I am a Churchill fanatic and notwithstanding the Diamond Crown that is a pretty accurate list...sorry DC fans.


----------



## Dread (Oct 16, 2009)

Do you have a certain price range?


----------



## 92hatchattack (May 30, 2009)

^^^ Doesnt have to be super cheap, but i sure as hell cant afford to be smoking Opus and Padron weekly.


----------



## Chris R (Jun 10, 2009)

Coronado by la flor domincana double corona. While it not called a churchill it is 7x50 and a nice cigar.


----------



## Hemingway in Havana (Feb 27, 2009)

My favorite two Churchill size (approx) smokes:

1) Illusione 888: just extends that cg4 goodness a bit longer!
2) Don Pepin Blue Magnate: I really enjoy the spicy/peppery blend in this size!

If you're looking for cheaper Churchills:

1) Brick House: not very complex, but very pleasant taste!
2) Padron (regular line): can't go wrong if you like that Padron taste!

Of course, everybody's palette is different, but I hope this is of use to you. :smoke:


----------



## Cypress (Jun 27, 2007)

Padilla Miami or Oliva Series V are pretty good in churchill.


----------



## thegoldenmackid (Mar 16, 2010)

Plus 1 Sam.

My favorite size in the Serie V is the Churchill, too bad I can't handle it.


----------



## Amlique (Sep 9, 2009)

Bolivar Coronas Gigantas is my favorite big cigar.


----------



## FiveStar (Jan 7, 2010)

The La Flor Dominicana Double Ligero churchill especial is really awesome.
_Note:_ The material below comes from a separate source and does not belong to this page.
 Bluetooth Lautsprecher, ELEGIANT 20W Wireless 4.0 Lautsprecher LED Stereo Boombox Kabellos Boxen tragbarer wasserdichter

Cool pigtail cap means no need for a cutter too. Bonus!


----------



## kenelbow (Jan 14, 2010)

Cypress said:


> Padilla Miami or Oliva Series V are pretty good in churchill.


Speak of the devil. Cigarmonster.com just put up a box of Oliva V Churchills. If you hurry you may be able to get them before the deal ends (4pm EST).


----------



## 92hatchattack (May 30, 2009)

I dont have the money to be buying a single blend by the box really. I just buy what I can. Hmmmm V in a churchill size... sounds great. Also sounds like a may be laying down after it....lol .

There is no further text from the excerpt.